# Win with @infinitywax



## WHIZZER (Oct 25, 2005)

This is an "instagram competition "- but also open to Forum members here - so add your name below to be counted in and make sure you visit infinity wax website and check out their range ( winners will be from either instagram or here )

:thumb:


----------



## sirGonGon (May 28, 2010)

Awesome, count me in. Thanks


----------



## Andyblue (Jun 20, 2017)

Wow, definitely count me in please :thumb:


----------



## Gafferinc (Jan 23, 2017)

Yes please - count me in too


----------



## nicks16v (Jan 7, 2009)

Can you count me in too please


----------



## blademansw (May 23, 2011)

Oooh, yes please


----------



## Kenan (Sep 7, 2015)

Can you count me in please

Sent from my Redmi Note 7 using Tapatalk


----------



## rabiesoflard (Aug 9, 2011)

Count me in please


----------



## Wade.K10 (Jan 3, 2019)

Yes, please! Count me in :thumb:


----------



## alanr (Mar 11, 2012)

Me too please


----------



## bibby142 (Jun 3, 2016)

Count me in please.


----------



## deanmorris8889 (Jul 5, 2019)

and me


----------



## BoxsterBlue (Aug 30, 2019)

Count me in!


----------



## mokkaman (Feb 8, 2017)

Hi, Count me in as well.Cheers Andy


----------



## DLGWRX02 (Apr 6, 2010)

Would be rude not to, count me in please.


----------



## Sam6er (Apr 3, 2016)

Count me in too


----------



## Mil7zie (May 19, 2019)

Count me in please

Sent from my SM-G955F using Tapatalk


----------



## claymore (Aug 21, 2017)

A couple of new waxes which would be good to try on the new car when it arrives.


----------



## AudiPhil (Aug 11, 2018)

Yes please! Thanks


----------



## BaileyA3 (Jun 14, 2015)

Count me in please. Thanks


----------



## dholdi (Oct 1, 2008)

Count me in please. Thanks


----------



## Brian1612 (Apr 5, 2015)

Count me in! On another note for those who haven't tried rapid detailer, I'd recommend a bottle. Not the most hydrophobic but it's nice to use and really slick.
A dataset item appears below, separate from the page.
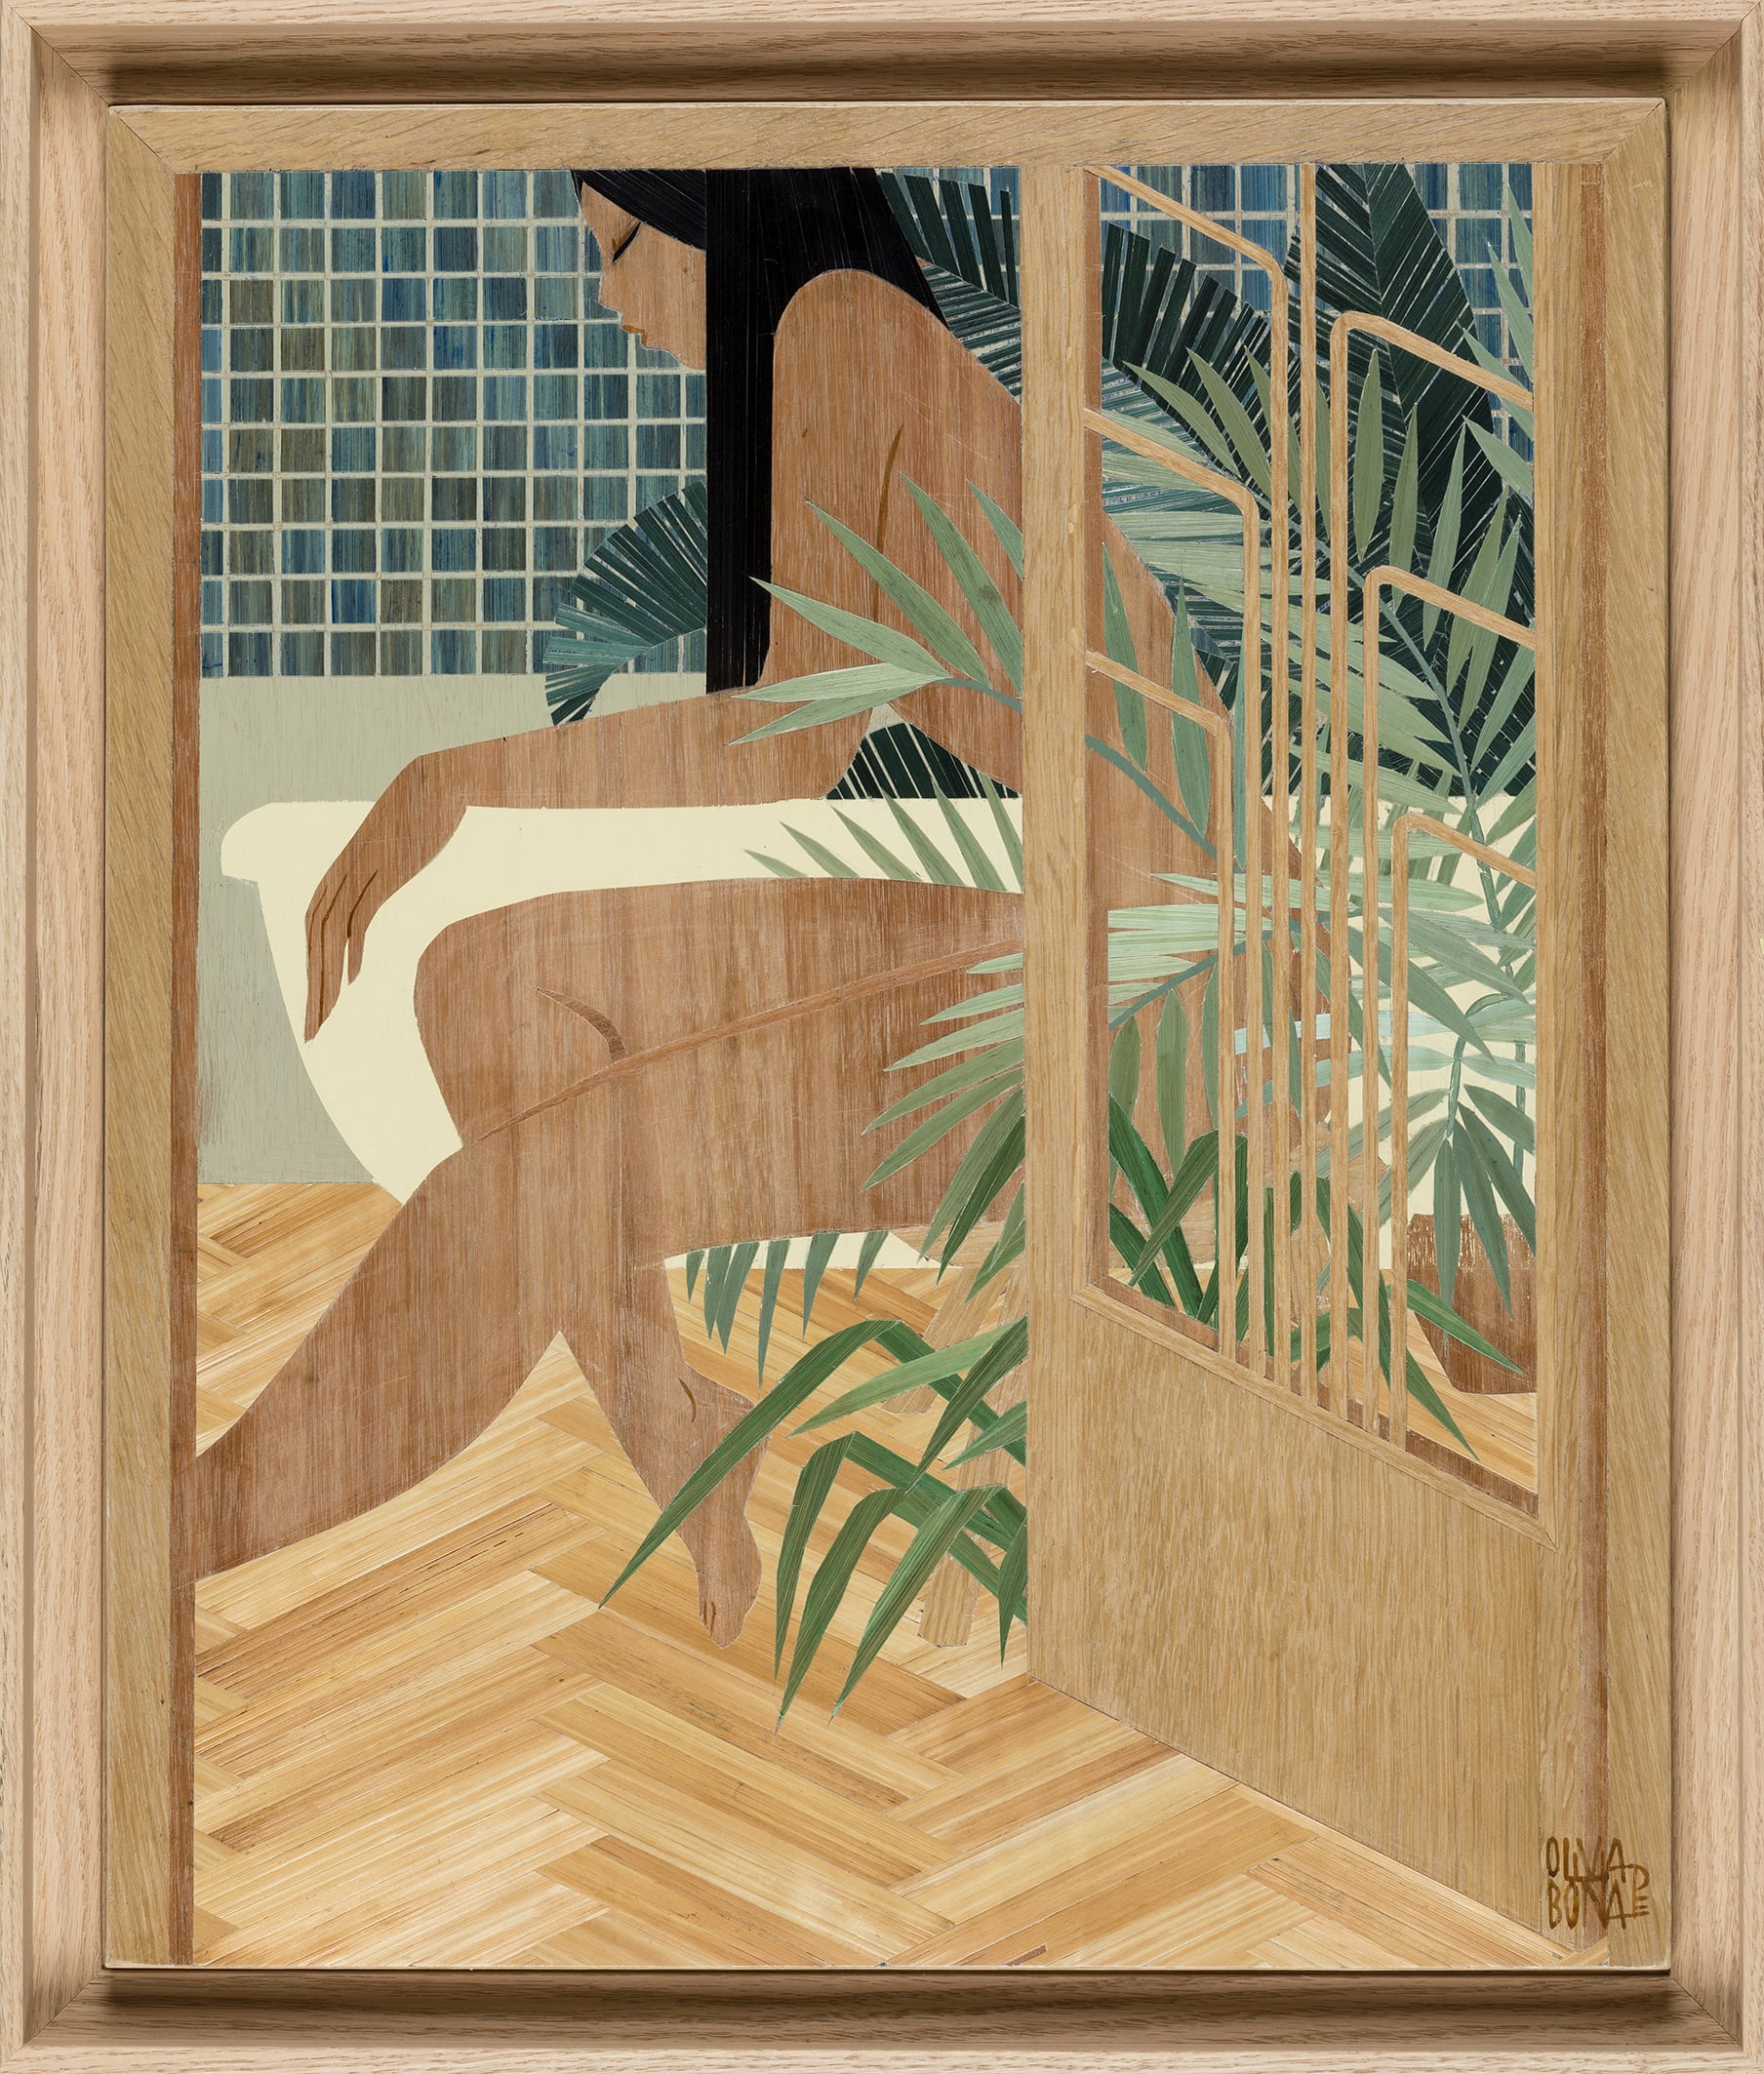 A straw marquetry work of a nude woman surrounded by plants at the edge of a bathtub
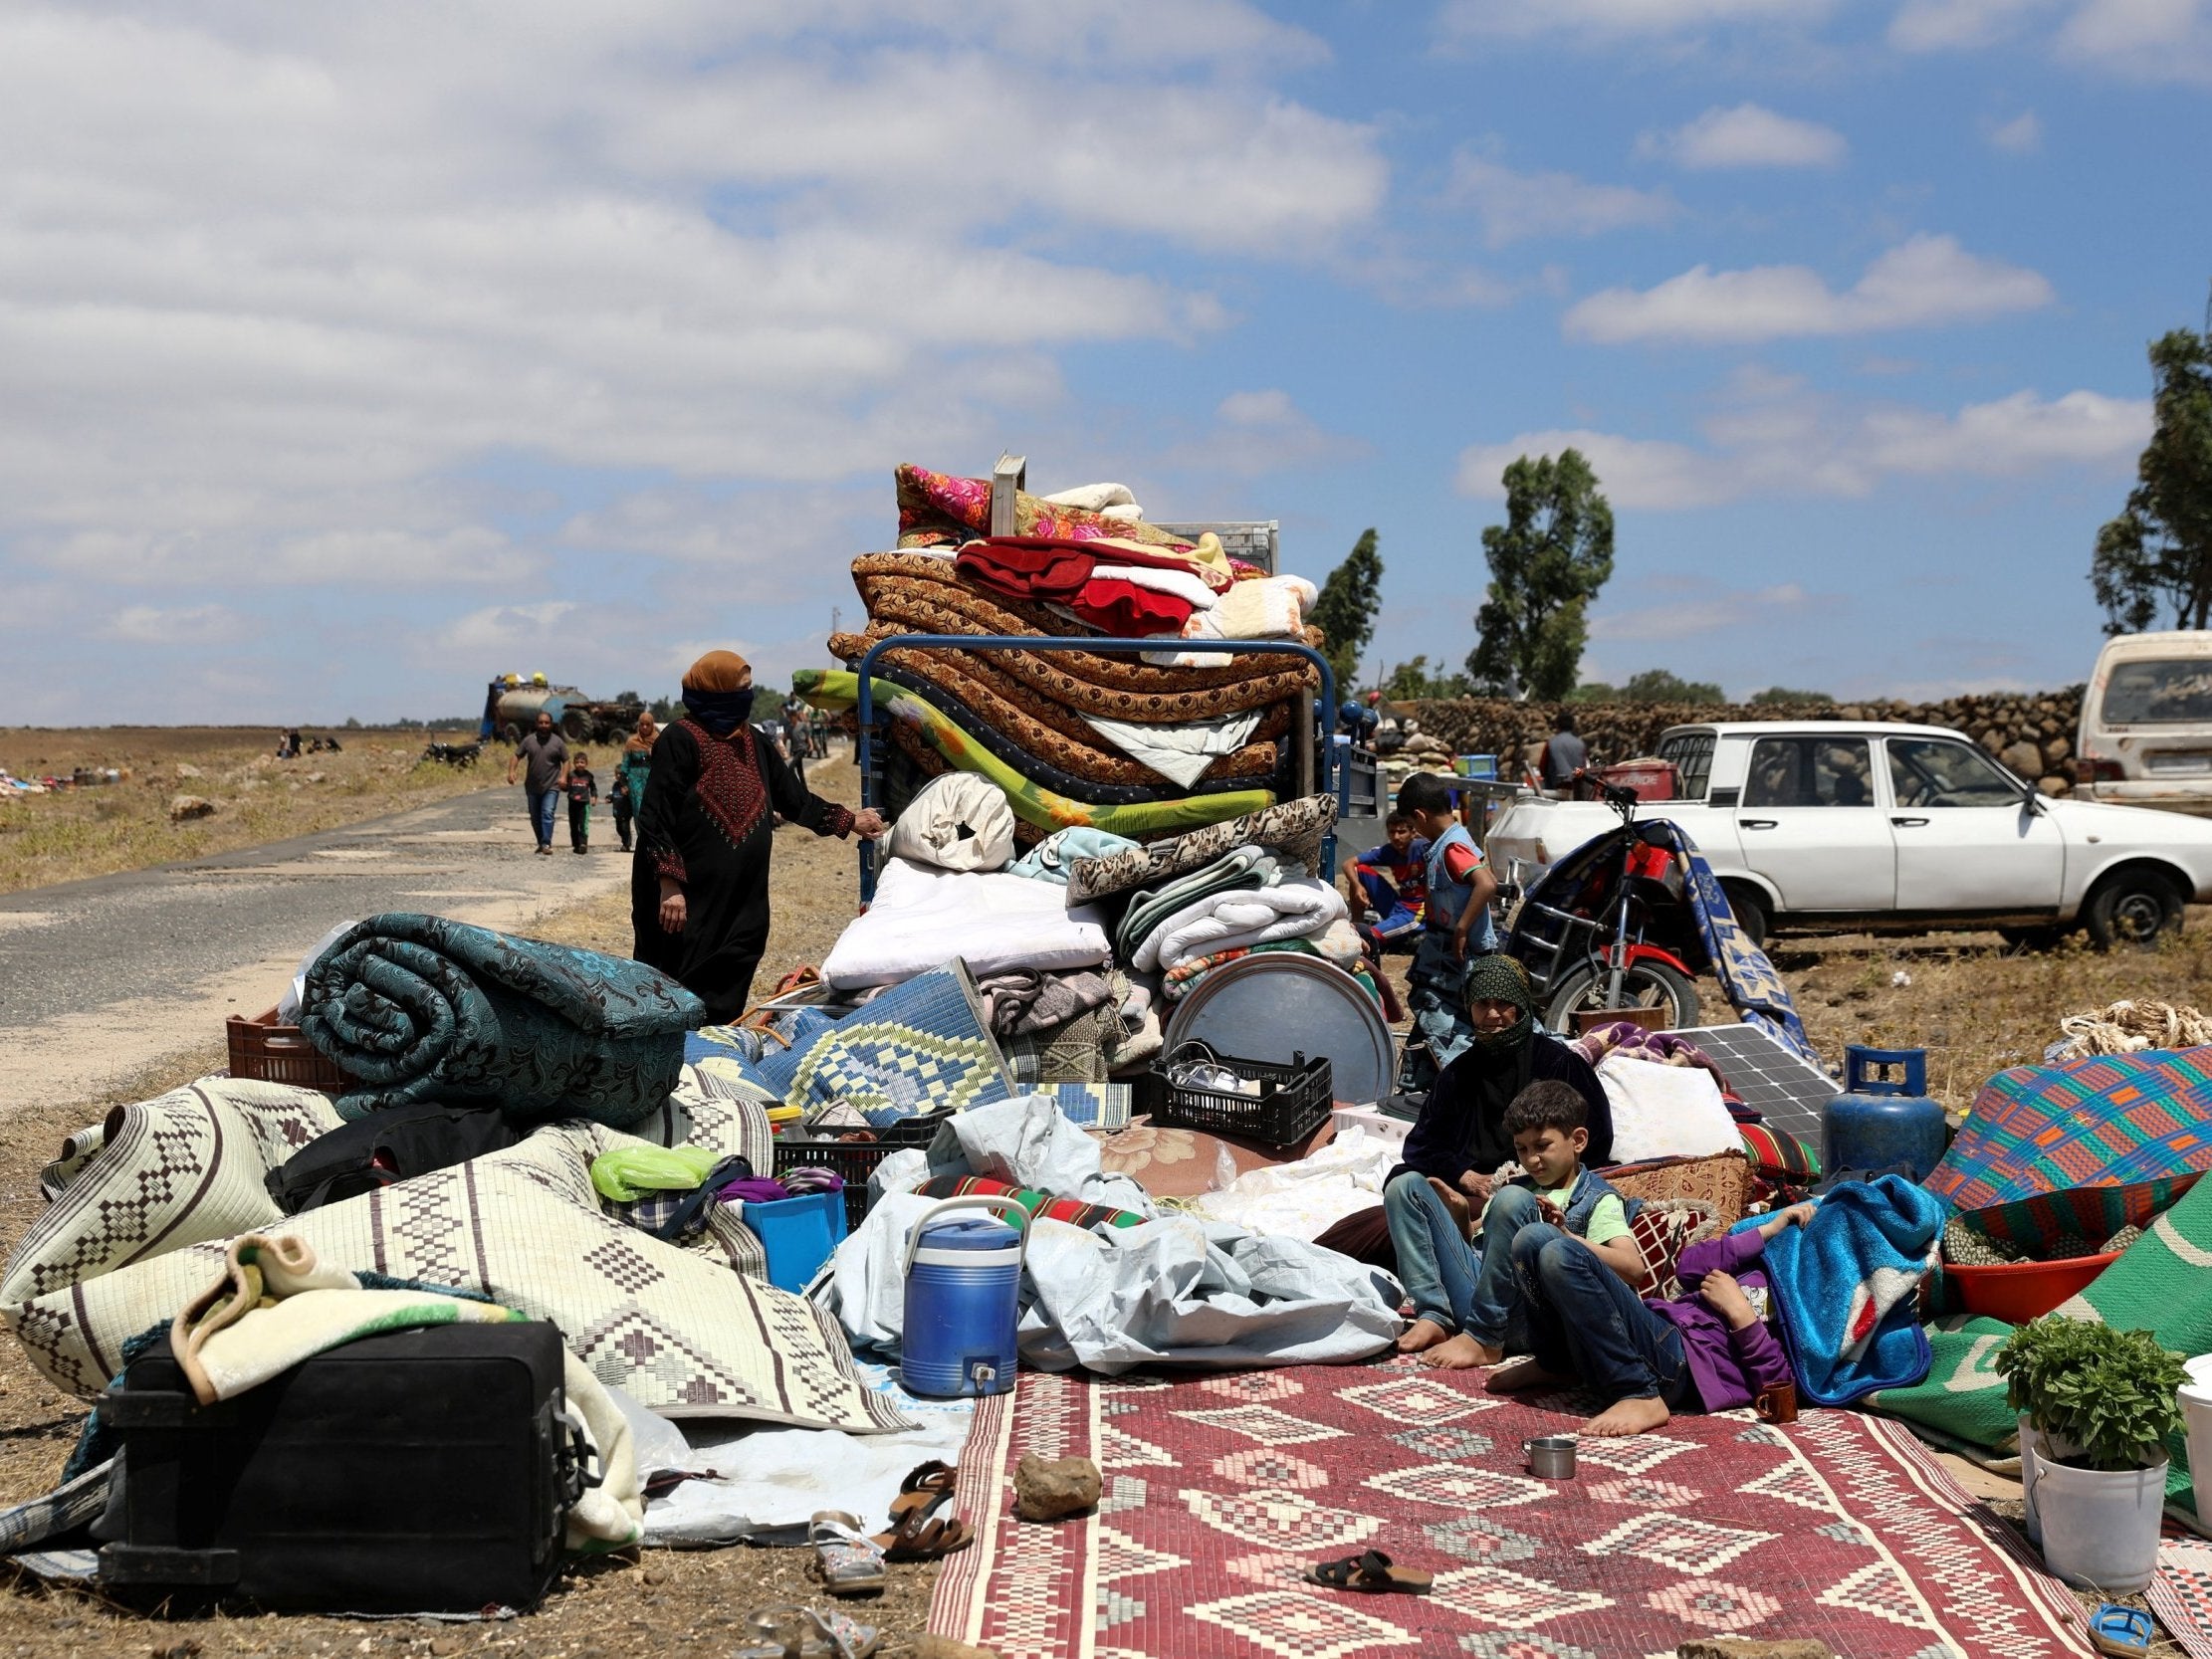 People from Deraa with their belongings near the Israeli-occupied Golan Heights in Quneitra

Sent from my SM-G975F using Tapatalk


----------



## ronwash (Mar 26, 2011)

I'm in please.


----------



## Derekh929 (Aug 28, 2011)

Count me in please, thanks Derek


----------



## -Stuart W- (Dec 28, 2007)

Count me in please


----------



## Taxboy (Aug 23, 2006)

Me too please

Sent from my moto g(7) plus using Tapatalk


----------



## vectra (Feb 3, 2008)

Very nice.
Count me in please


----------



## sm81 (May 14, 2011)

Why not


----------



## Andyblue (Jun 20, 2017)

Brian1612 said:


> Count me in! On another note for those who haven't tried rapid detailer, I'd recommend a bottle. Not the most hydrophobic but it's nice to use and really slick.
> 
> Sent from my SM-G975F using Tapatalk


Oh that's good to know, cheers :thumb:

Fingers crossed...


----------



## Chris Dyson (Feb 29, 2012)

Yes please, count me in.


----------



## Peter77 (May 29, 2016)

I'm a big fan of infinity wax, used/do use most of their range. Top products. 
I'm in please


Sent from my iPhone using Tapatalk


----------



## garage_dweller (Apr 10, 2018)

Can you stick my name in the had please. Thanks very much. 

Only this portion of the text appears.